Activity – Using the records that follow, work out how many lines hold the string "Sweatshirt" and provide that number only.

Materials provided –

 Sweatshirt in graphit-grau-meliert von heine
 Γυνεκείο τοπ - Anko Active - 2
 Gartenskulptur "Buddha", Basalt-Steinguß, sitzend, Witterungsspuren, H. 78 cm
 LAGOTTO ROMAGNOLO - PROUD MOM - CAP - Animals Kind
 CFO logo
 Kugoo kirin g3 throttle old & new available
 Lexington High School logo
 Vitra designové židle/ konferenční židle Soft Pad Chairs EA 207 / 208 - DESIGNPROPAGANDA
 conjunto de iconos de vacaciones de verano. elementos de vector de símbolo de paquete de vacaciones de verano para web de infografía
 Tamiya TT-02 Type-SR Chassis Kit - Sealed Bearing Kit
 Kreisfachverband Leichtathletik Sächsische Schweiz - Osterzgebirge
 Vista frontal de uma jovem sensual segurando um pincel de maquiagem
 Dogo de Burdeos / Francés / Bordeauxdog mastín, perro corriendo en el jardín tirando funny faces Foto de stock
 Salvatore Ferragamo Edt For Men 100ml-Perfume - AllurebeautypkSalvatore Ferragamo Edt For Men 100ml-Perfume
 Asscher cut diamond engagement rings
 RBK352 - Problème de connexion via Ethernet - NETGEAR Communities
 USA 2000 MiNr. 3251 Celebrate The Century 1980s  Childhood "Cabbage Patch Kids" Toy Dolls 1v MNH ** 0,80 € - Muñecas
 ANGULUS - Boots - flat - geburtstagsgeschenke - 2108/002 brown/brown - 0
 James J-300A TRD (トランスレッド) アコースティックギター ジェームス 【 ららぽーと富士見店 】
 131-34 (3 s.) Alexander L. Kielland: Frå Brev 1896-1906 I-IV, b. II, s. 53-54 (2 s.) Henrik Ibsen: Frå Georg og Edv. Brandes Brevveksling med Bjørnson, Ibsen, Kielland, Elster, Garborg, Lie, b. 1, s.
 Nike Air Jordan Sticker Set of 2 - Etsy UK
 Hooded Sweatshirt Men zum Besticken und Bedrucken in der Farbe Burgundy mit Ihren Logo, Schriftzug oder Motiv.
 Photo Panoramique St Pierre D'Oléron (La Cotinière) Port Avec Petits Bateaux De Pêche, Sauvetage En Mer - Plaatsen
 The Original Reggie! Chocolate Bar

Written answer – 2